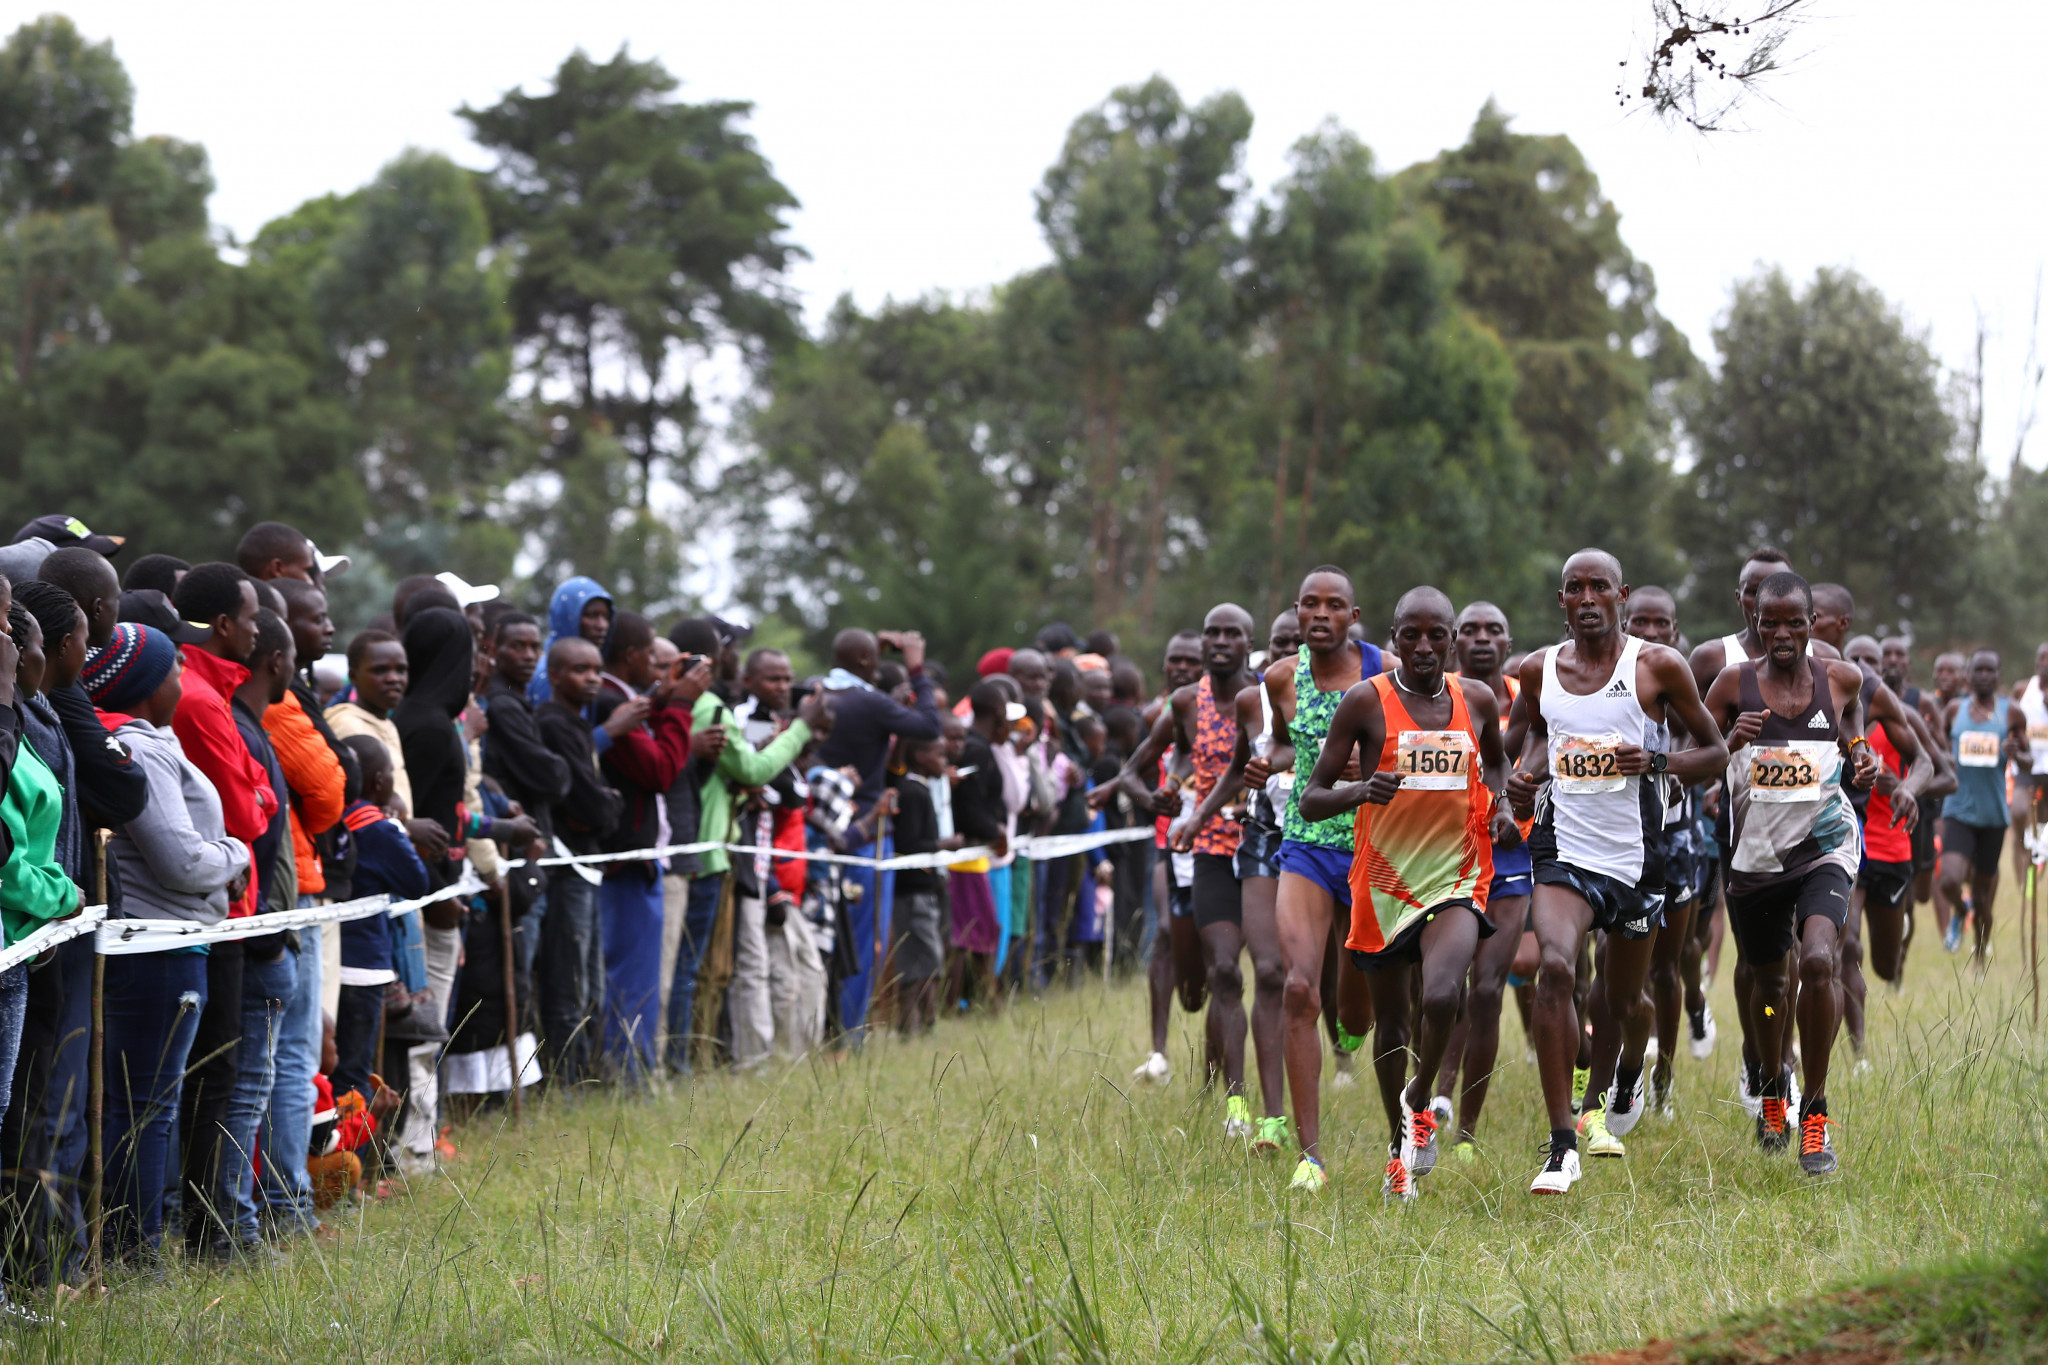 African Cross Country Championships in Togo postponed due to COVID-19 concerns
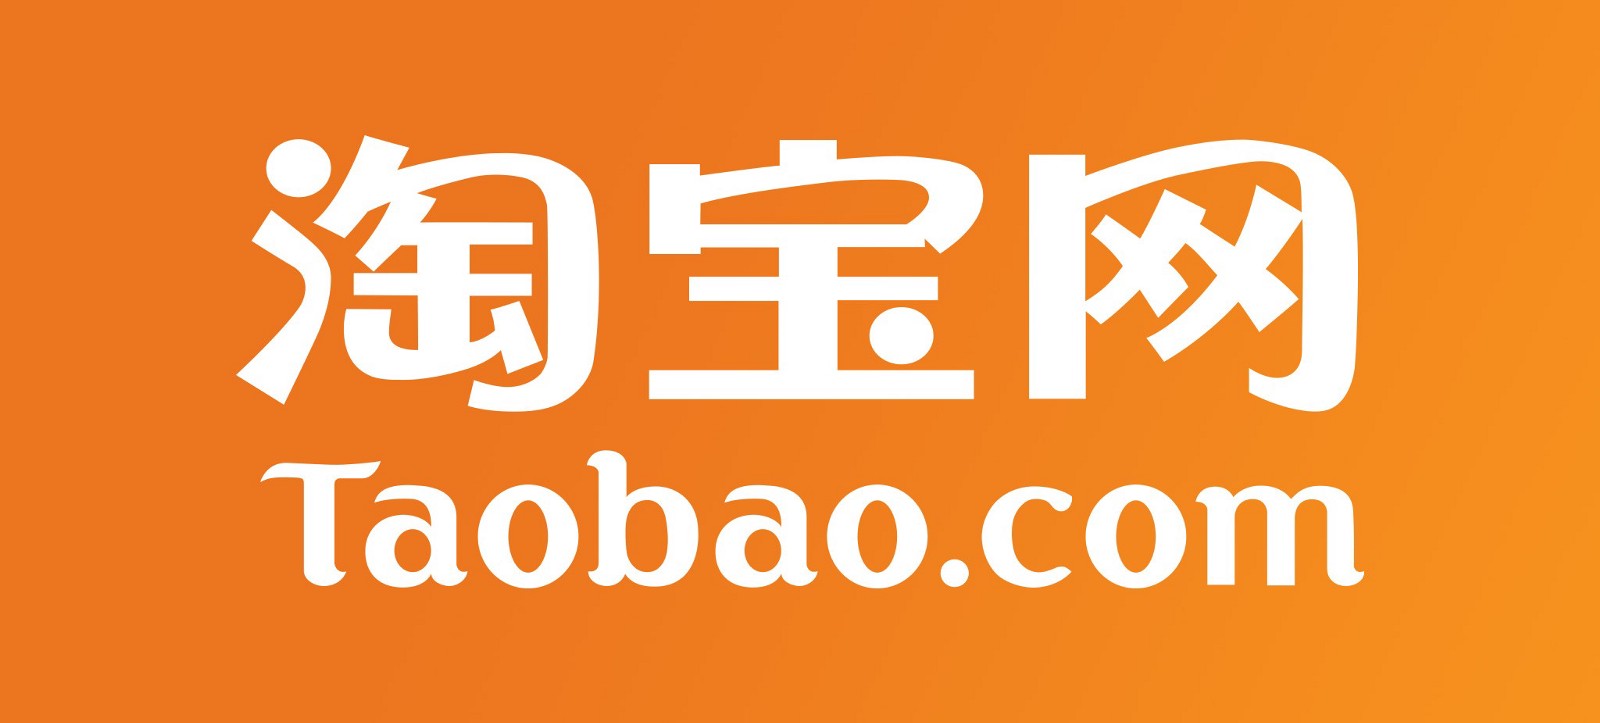 13-facts-about-taobao
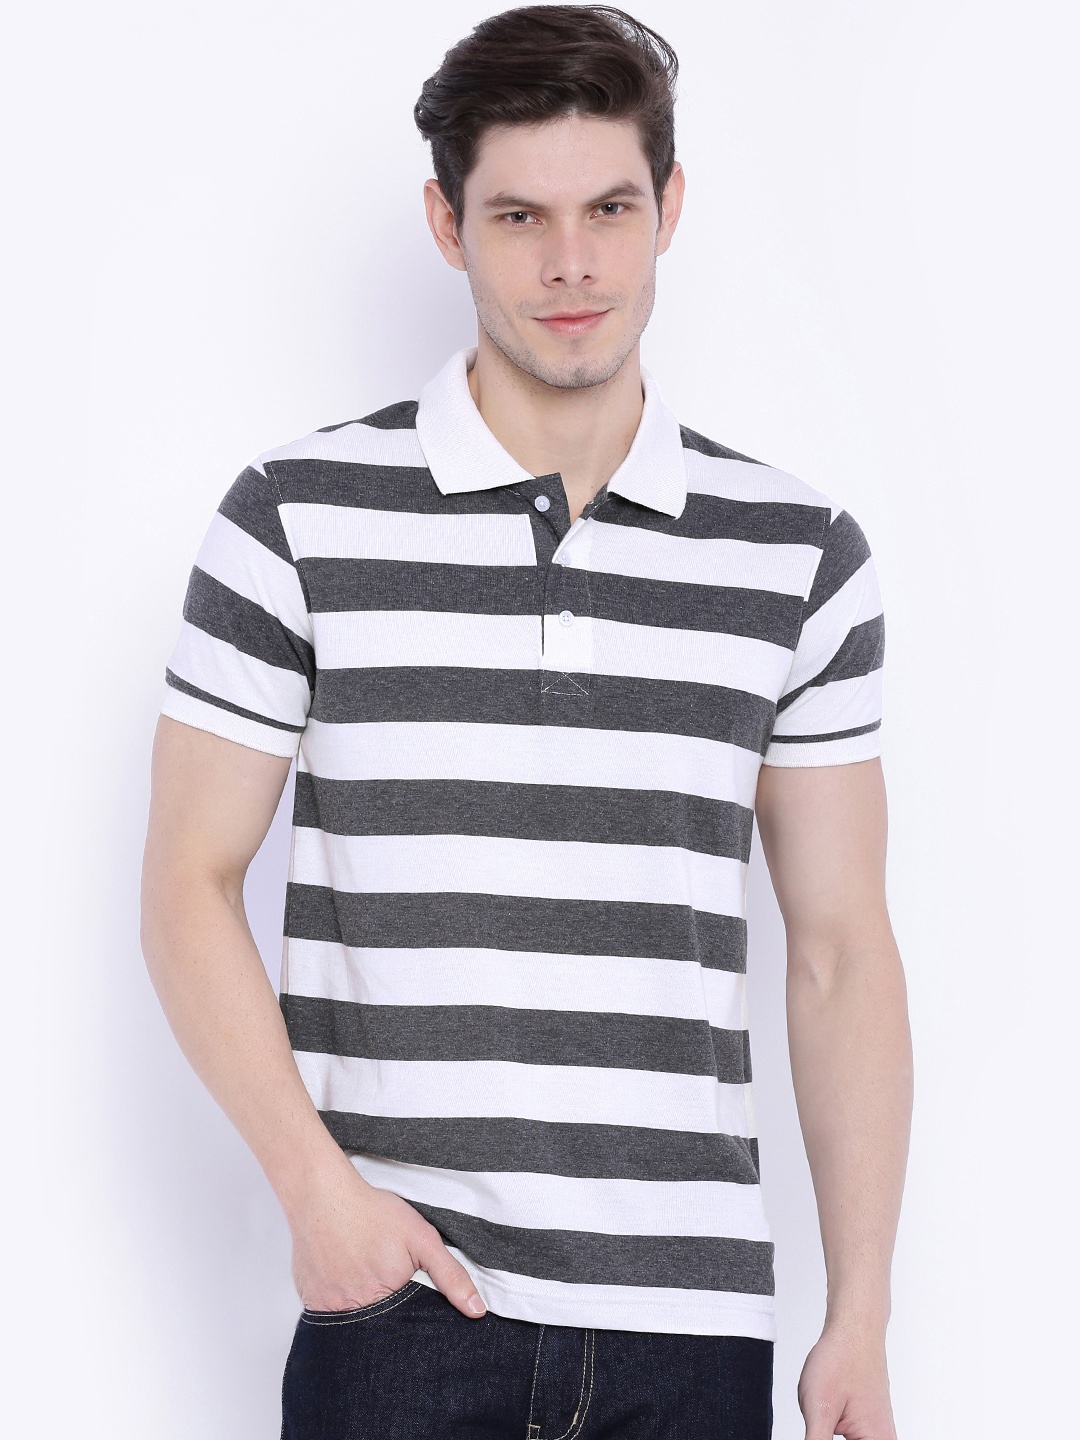 

American Crew Charcoal Grey & Off-White Striped Polo T-shirt
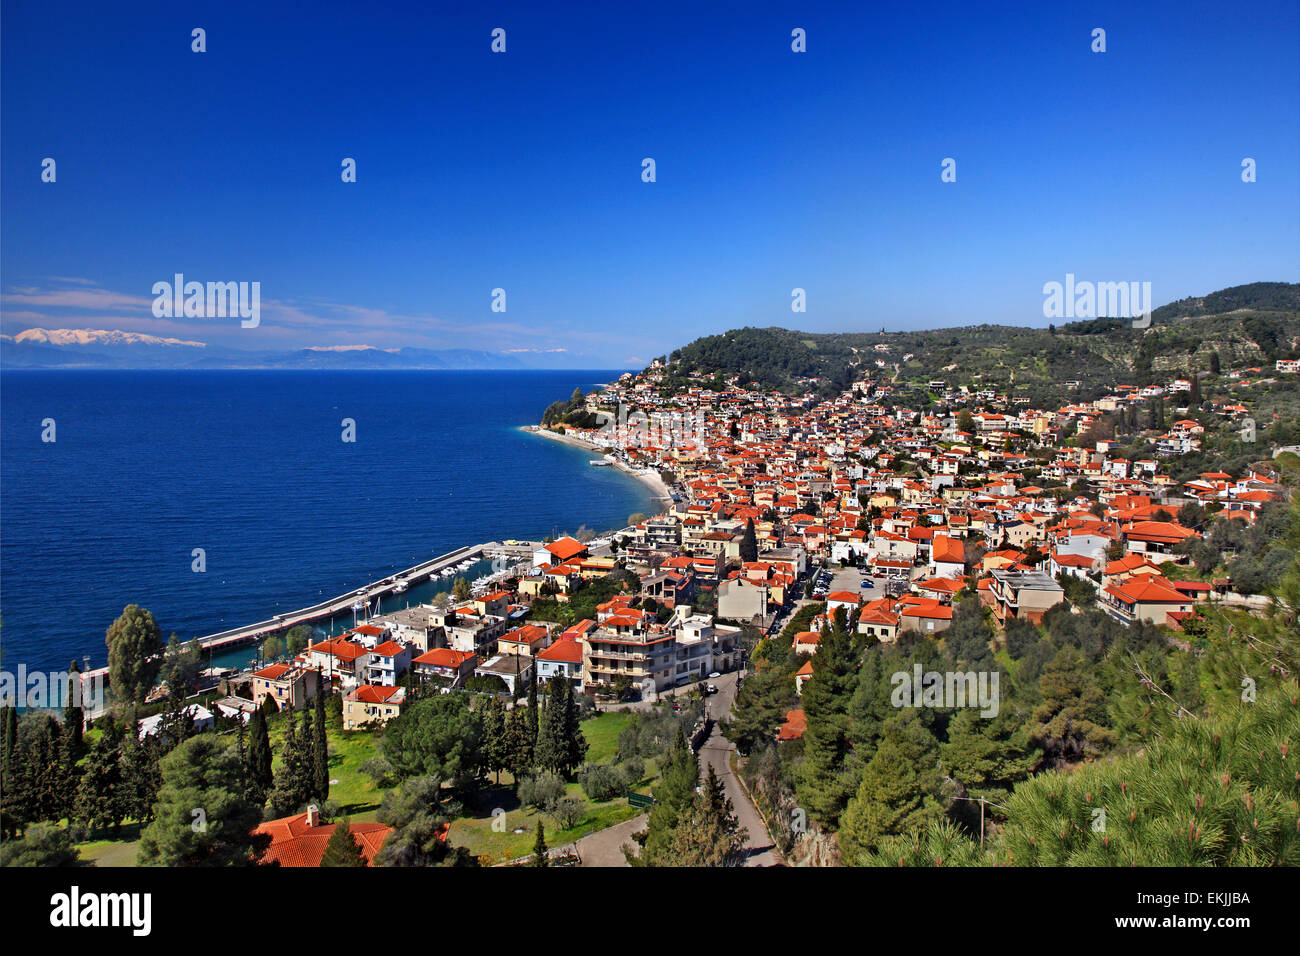 Limni, one of the most beautiful towns of Evia (Euboea) island (Greece) Stock Photo

• TASK DETAILS
Your task is to repeat only the lines from the line containing "American Crew Charcoal" through the final line of the material, inclusive; do not include pictures.

• FINAL ANSWER
American Crew Charcoal Grey & Off-White Striped Polo T-shirt
 Limni, one of the most beautiful towns of Evia (Euboea) island (Greece) Stock Photo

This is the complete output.